Kernohan AFB et al. (2006) Effects of low-dose continuous combined hormone replacement therapy on glucose homeostasis and markers of cardiovascular risk in women with type 2 diabetes. Clin Endocrinol [doi:10.1111/j.1365-2265.2006.02679.x]

Observational studies suggested that hormone-replacement therapy (HRT) has a cardioprotective effect in postmenopausal women with type 2 diabetes, but the results of randomized, controlled trials indicated that conventional HRT might, in fact, increase cardiovascular risk. Researchers in the UK, therefore, evaluated the effect of low-dose HRT on cardiovascular risk factors and glucose metabolism in 28 women (mean age 62 years) with type 2 diabetes.

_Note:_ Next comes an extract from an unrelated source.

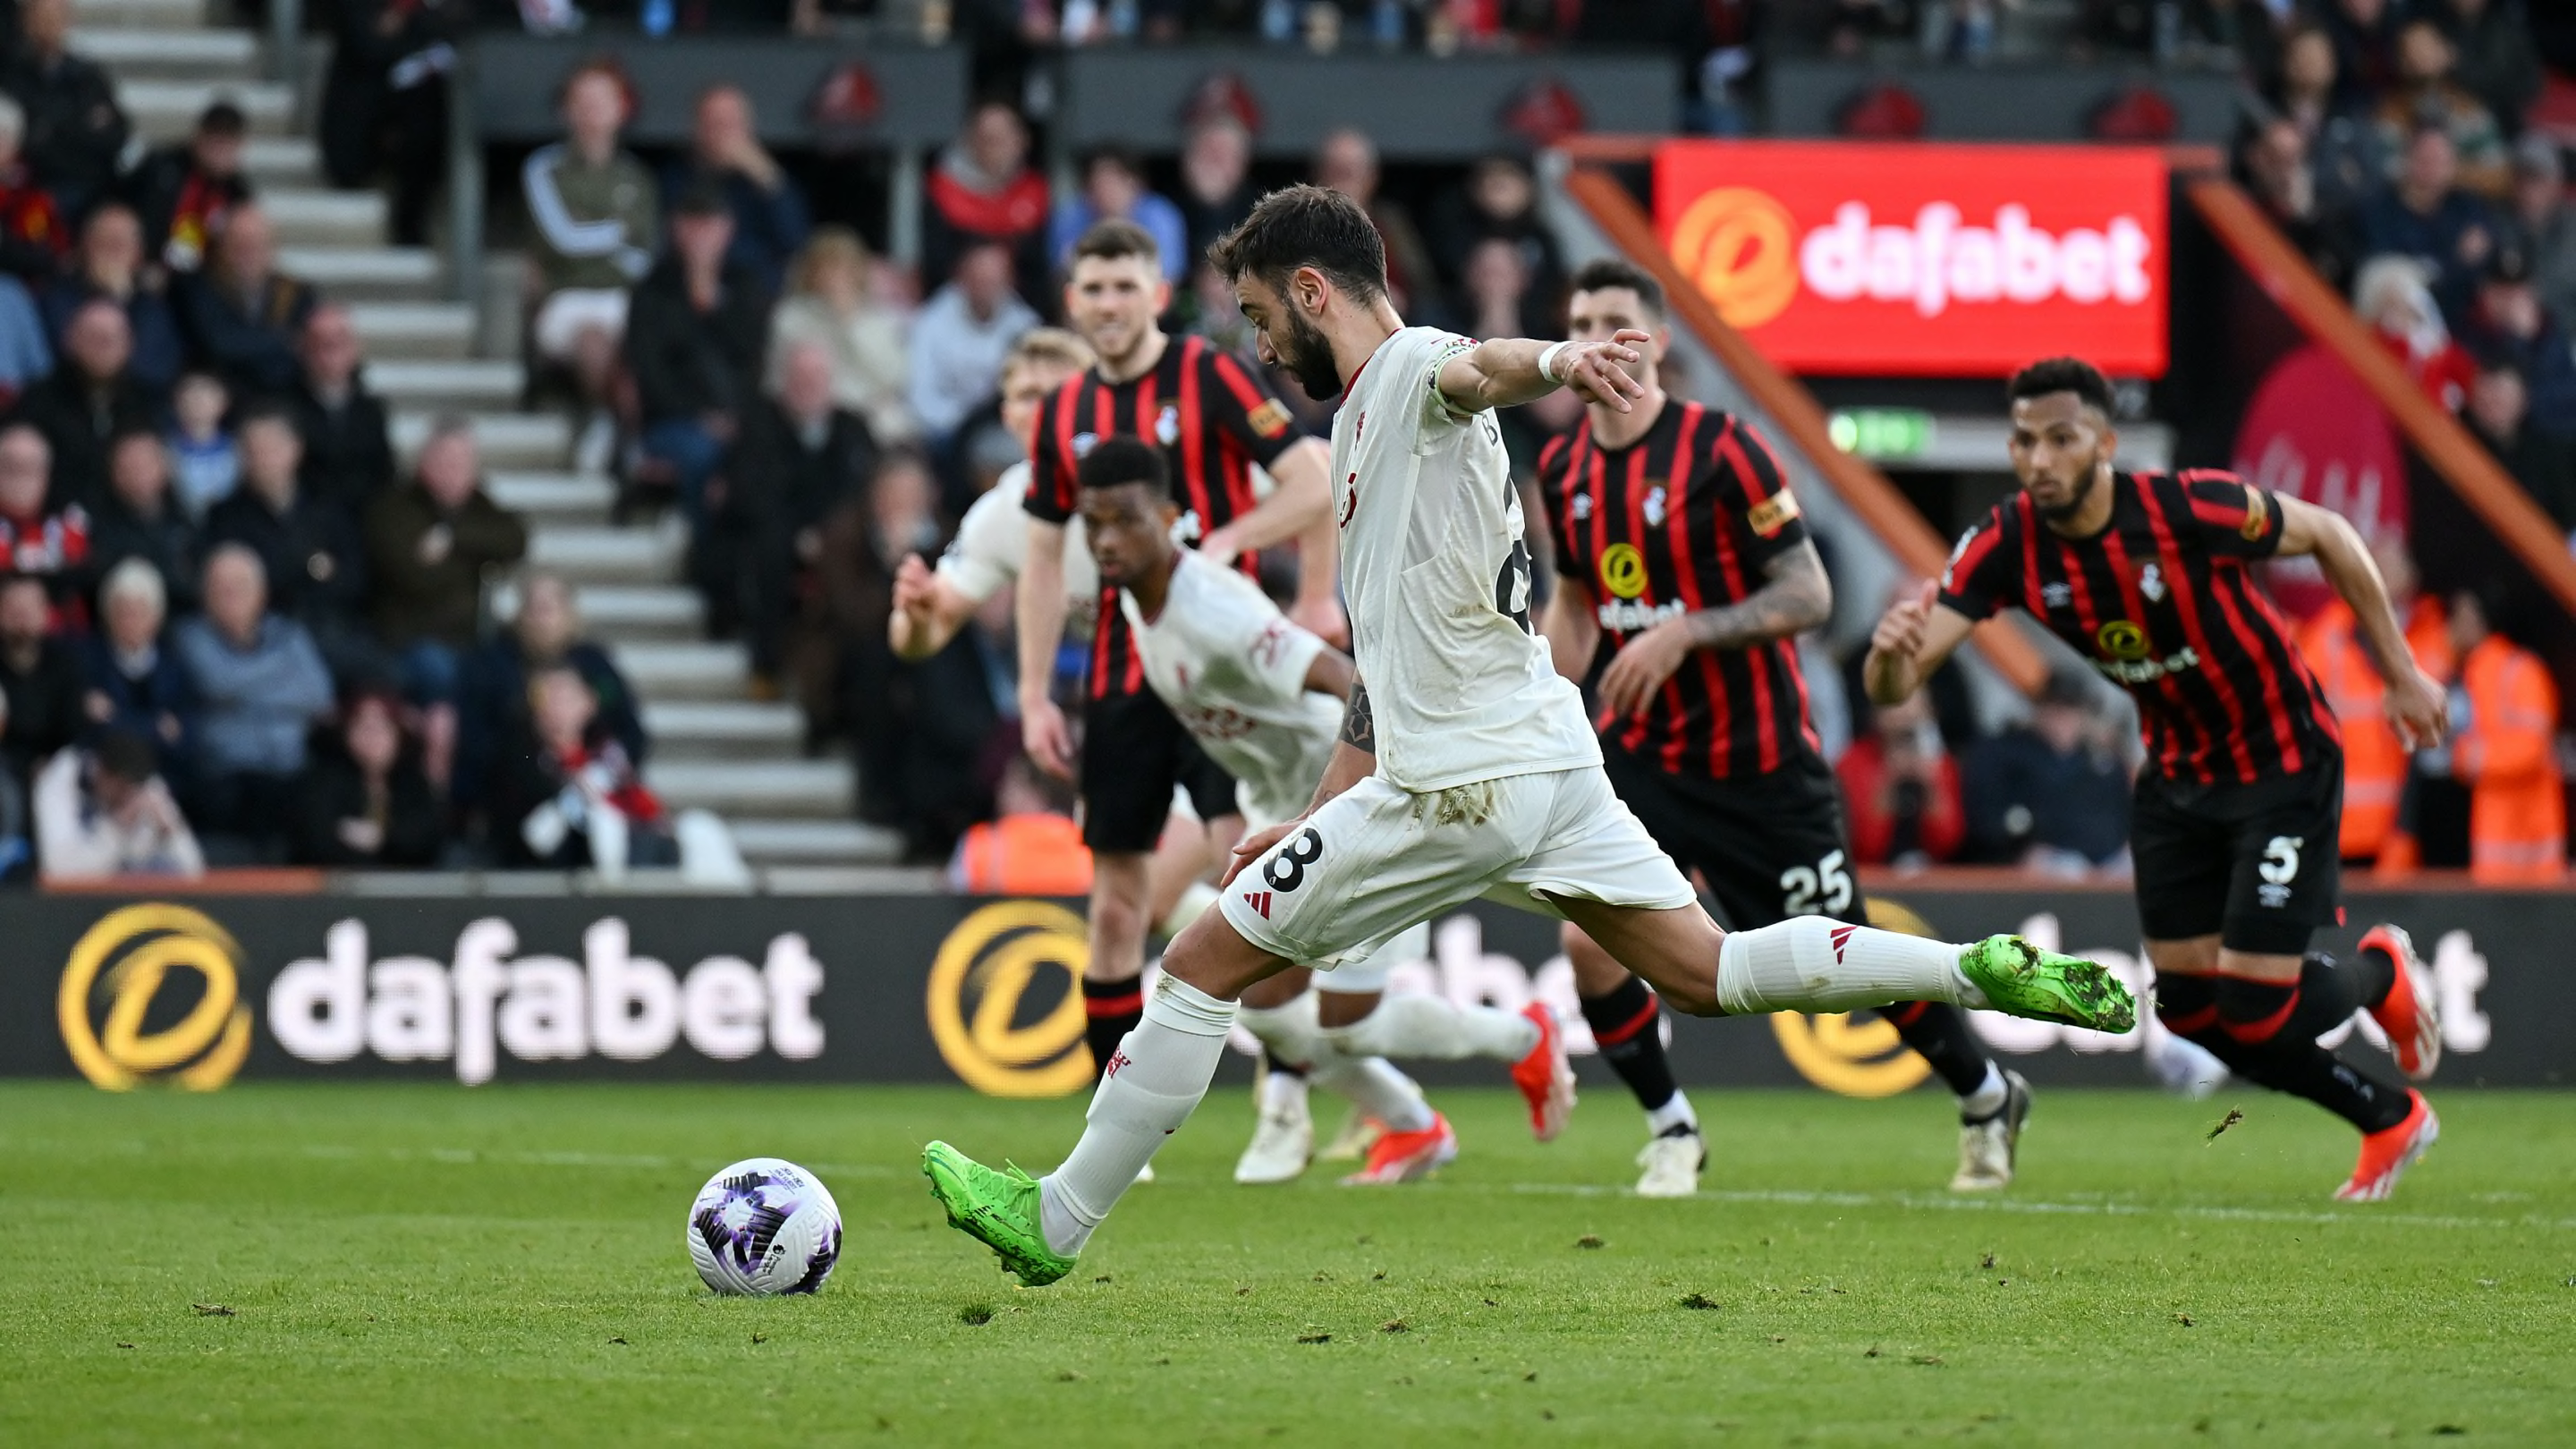 Bournemouth 2-2 Man Utd: Player ratings as Fernandes brace rescues point for Red Devils

Participants were randomly allocated to receive once-daily tablets that contained either HRT (1 mg 17β estradiol and 0.5 mg norethisterone) or placebo. At 3 months, a substantial decrease from baseline was observed in fasting plasma glucose level (−9.4% versus +2.3%, respectively) and in total cholesterol (−13.7% versus +1.0%, respectively) in HRT-treated women compared with placebo-treated women. No significant difference was observed between the groups in relation to endogenous glucose production, hyperinsulinemic suppression of glucose production, glucose clearance rate, or levels of glycated hemoglobin, C-reactive protein, or triglycerides.

The authors conclude that continuous, low-dose HRT has beneficial effects on fasting glucose and cholesterol levels in postmenopausal women with type 2 diabetes, without the adverse effects (increased glucose clearance, triglycerides and C-reactive protein levels) seen with conventional HRT. The conclusions of the study are limited by the small sample size, however. Given the potential benefits and the possible risks associated with conventional HRT, the authors believe that the results of this study warrant a large-scale trial of low-dose HRT, in women with and without diabetes.